Но Даша нарочно замедляла шаг, чтобы бабка Аксинья успевала за ними, и к лугу Костромины пришли в числе последних. Люди стояли вокруг просторного квадрата в несколько рядов, и ничего не удавалось разглядеть, только нарастающий, сильный гул доносился из-за плотной живой стены. И вдруг самолет будто по невидимой горочке скользнул над головами вверх, мелькнули колеса, и прямые, стрекозиные крылья. Мотор рявкнул на зрителей, так что Митя испугался и заплакал.
— Господи милостивый, тесно стало людям на земле, за птицами в небо потянулись, — ворчливо проговорила бабка Аксинья.
За первым самолетом пролетели еще два и стали ловкой троицей кружить над землей. То треугольником летели, то выстраивались в ряд, то один оказывался под другими. Даша следила за самолетами, задрав голову вверх. Дивной и безобидной, будто игра огромных неведомых птиц, казалась ей небесная карусель.

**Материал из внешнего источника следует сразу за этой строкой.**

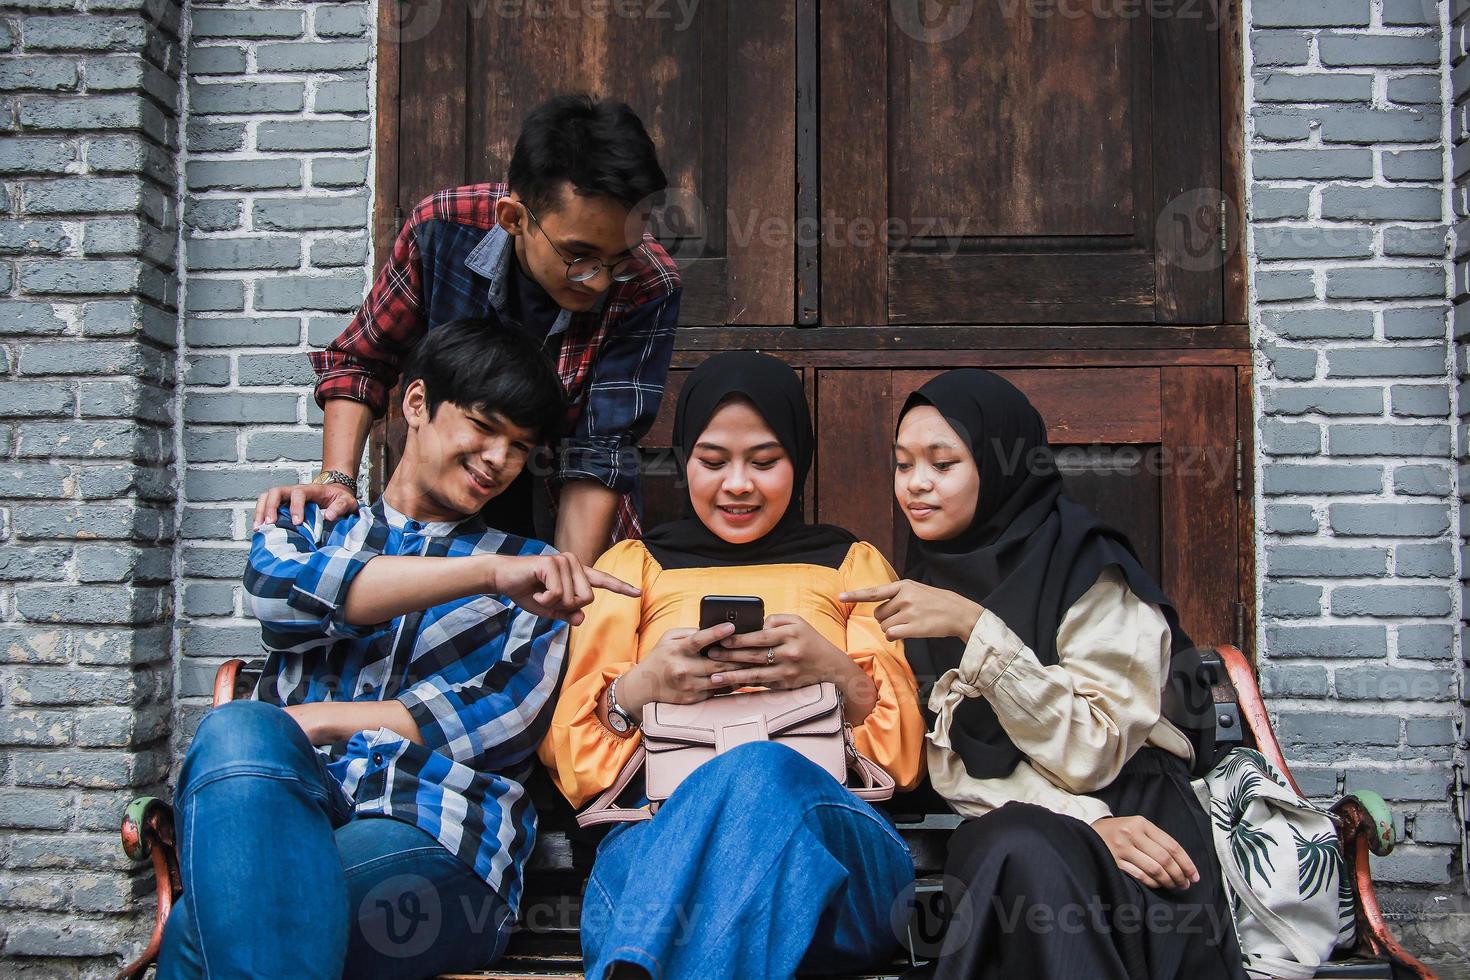 Four young friends sitting outdoors and looking at mobile phone. Group of people sitting on a bench and watching video smiling and having fun together photo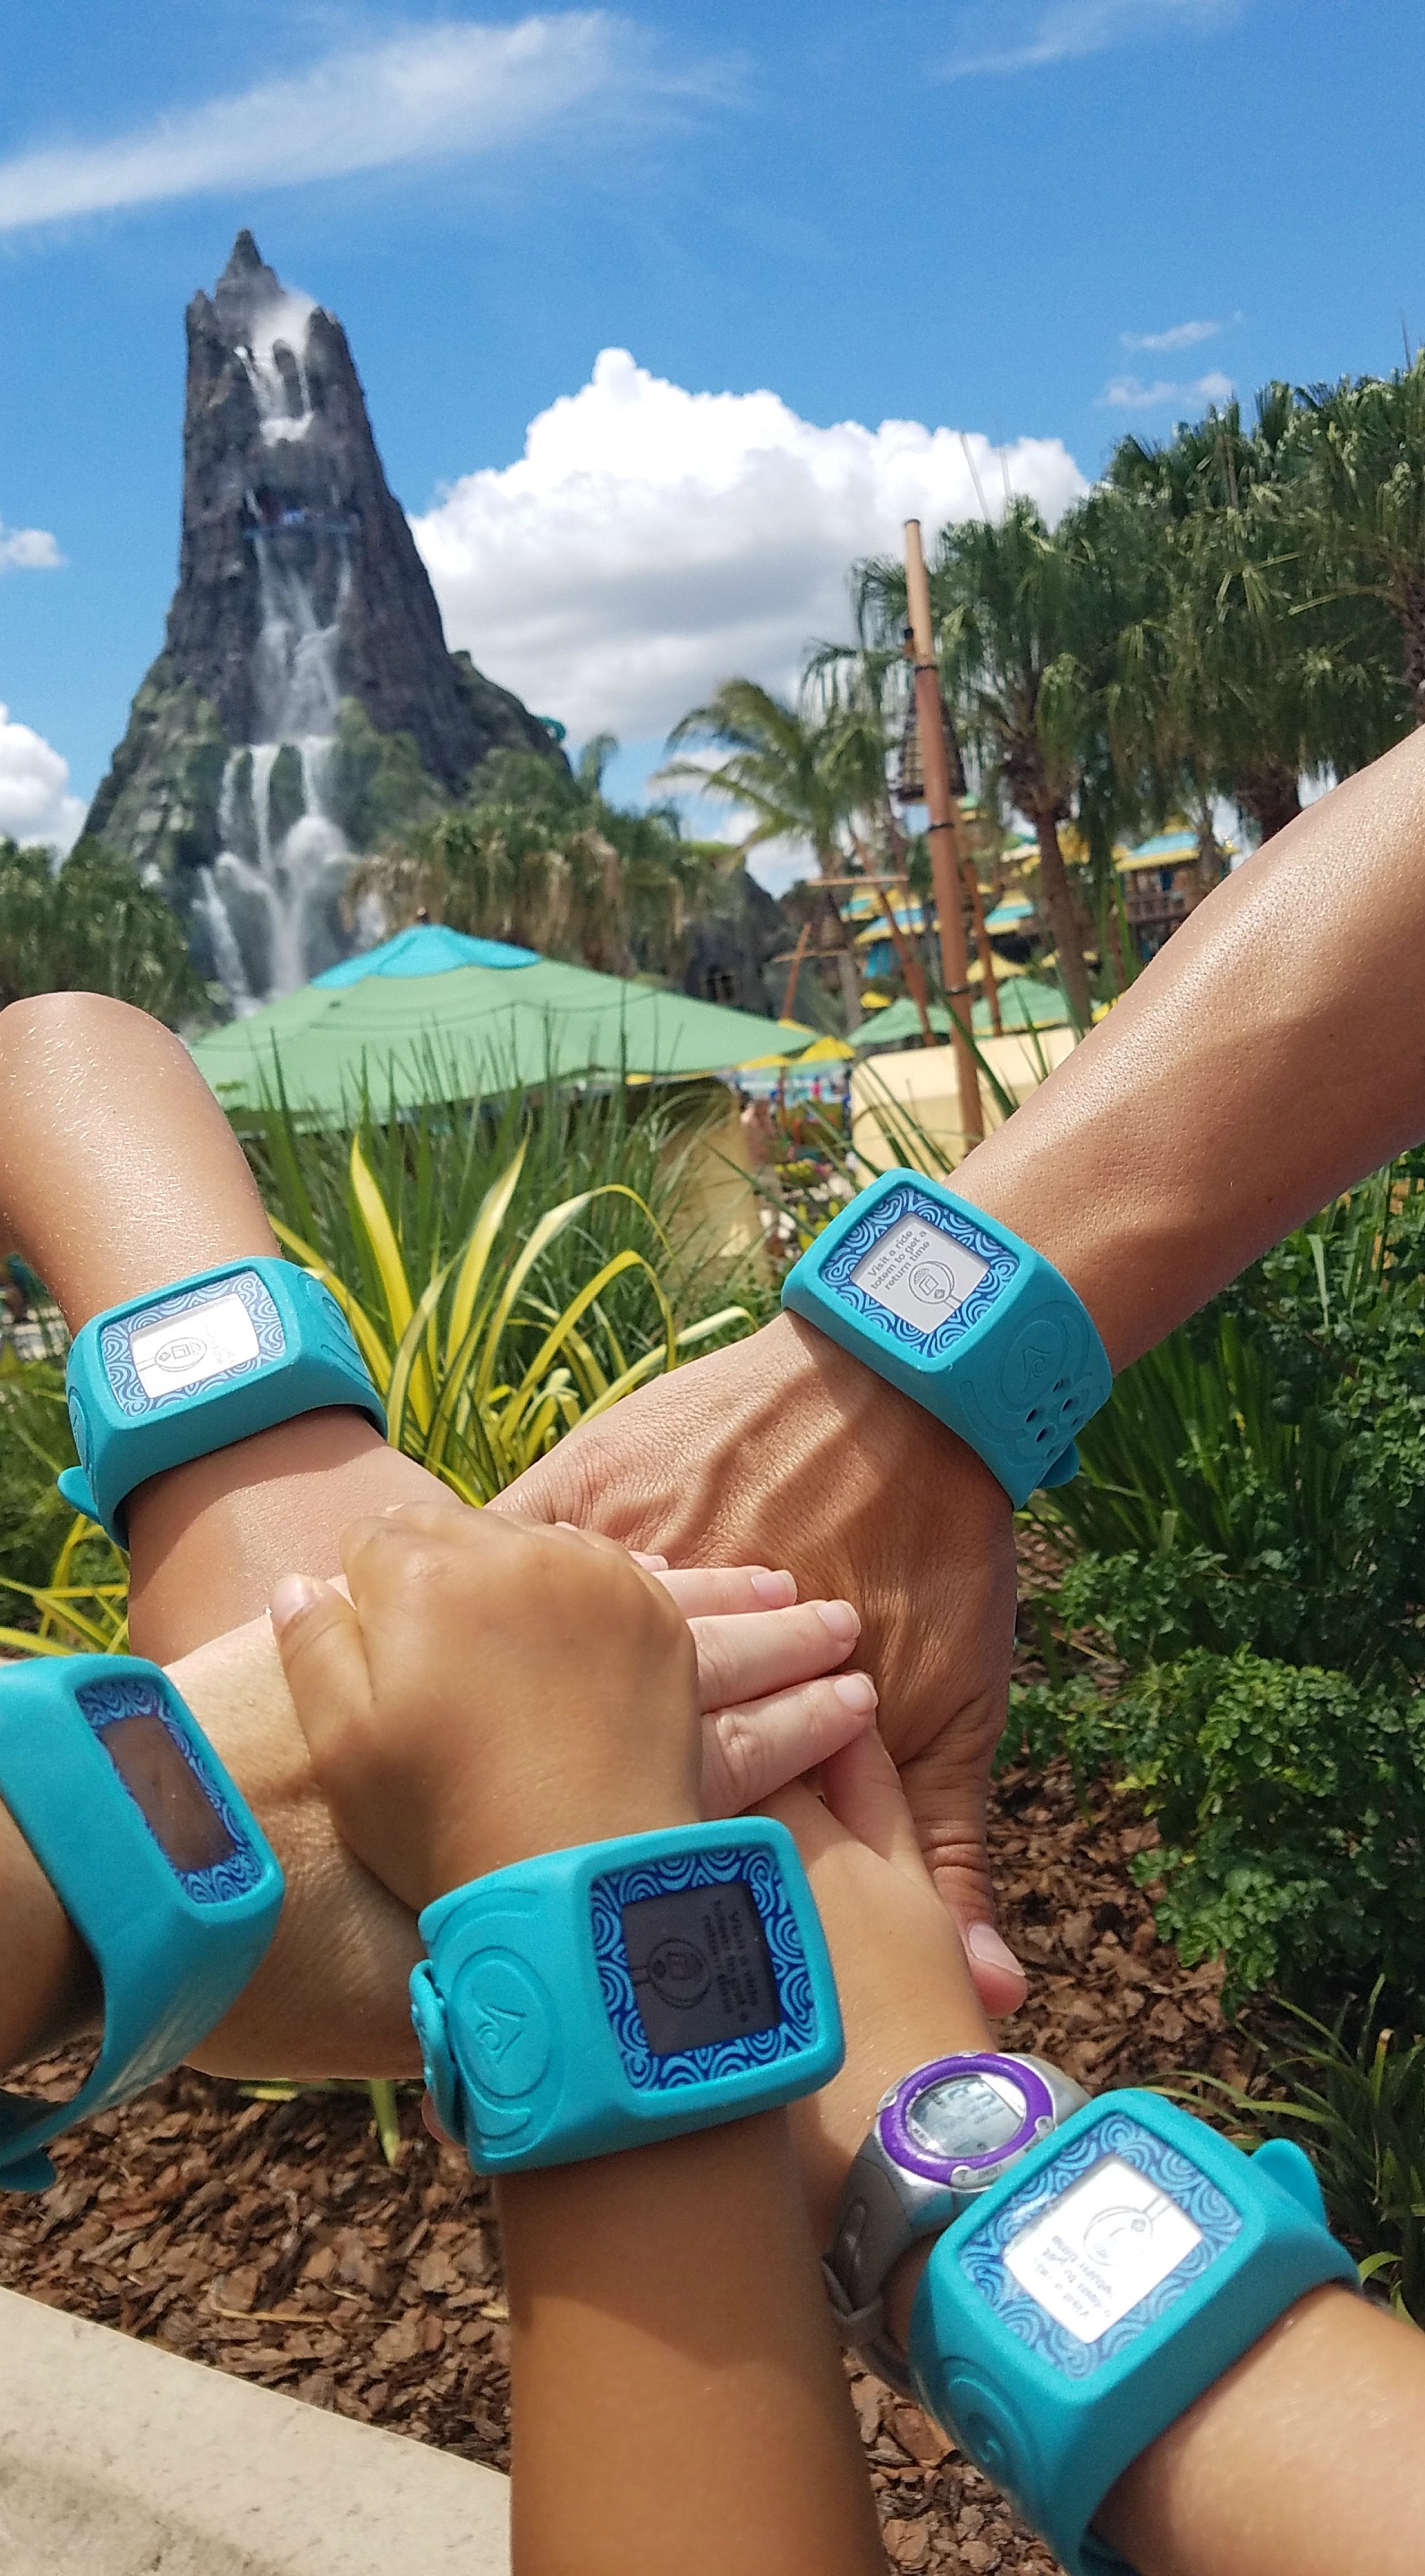 how to use a tapu tapu at volcano bay

— Эти на войне не сробеют, — вдруг послышался где-то у Даши за спиной мужской голос.
На войне?
Даша не обернулась взглянуть, кто вспомнил о войне, незнакомый голос был, но странным и ненужным показались ей эти слова о войне под мирным, чистым, спокойным небом в пестрой праздничной толпе. Хотя и Василий иной раз за газетами говорил о том, что неспокойно в мире.
В Германии власть захватили фашисты. Капиталисты точат зубы на Советскую страну.
— Валерий Чкалов тоже небось с этого начинал, — сказал Василий.
— Не иначе, — согласилась Даша. — И дальний путь первым шагом открывается.
Три самолета, вволю наигравшись в небе, стремительно улетели. На смену им появился один. Он летел поначалу невысоко, и голова летчика в черном шлеме видна была с земли.
— Ольга! — воскликнула Даша. — Это же Ольга!..
— Смотри, смотри, что выделывает! — послышался грубоватый и громкий голос Доры. — Ох, бедовая голова...
Наум Нечаев стоял в толпе, напряженно вскинув голову и козырьком выставив над глазами ладонь. Пытался и он, как эти парни, стать летчиком, да не пропустила медицина. Проклятое кресло! Может, они крутили его больше, чем нужно? Оказался слабее женщины... Вот! Началось...
Самолет легко, будто игрушечный, перевернулся через крыло. Еще раз! Наум, сам того не замечая, задержал дыхание. Ему хотелось закрыть глаза, не смотреть, не видеть этого кувыркания, жутко было за Ольгу. Самолет по крутой дуге скользнул вверх, и Наум с облегчением выпустил застоявшийся в груди воздух.
Увидев в переднем углу небольшую икону божьей матери с младенцем, Василий рассердился и крепко поспорил с бабкой Аксиньей.
— Я — коммунист, — доказывал он бабке, — нельзя, чтобы в моей квартире икона висела.
Бабка Аксинья, незлобивая и мирная, уступать Василию на этот раз не собиралась.
— Я твой партейный билет не трогаю, — заявила она, — и ты мою икону не трожь.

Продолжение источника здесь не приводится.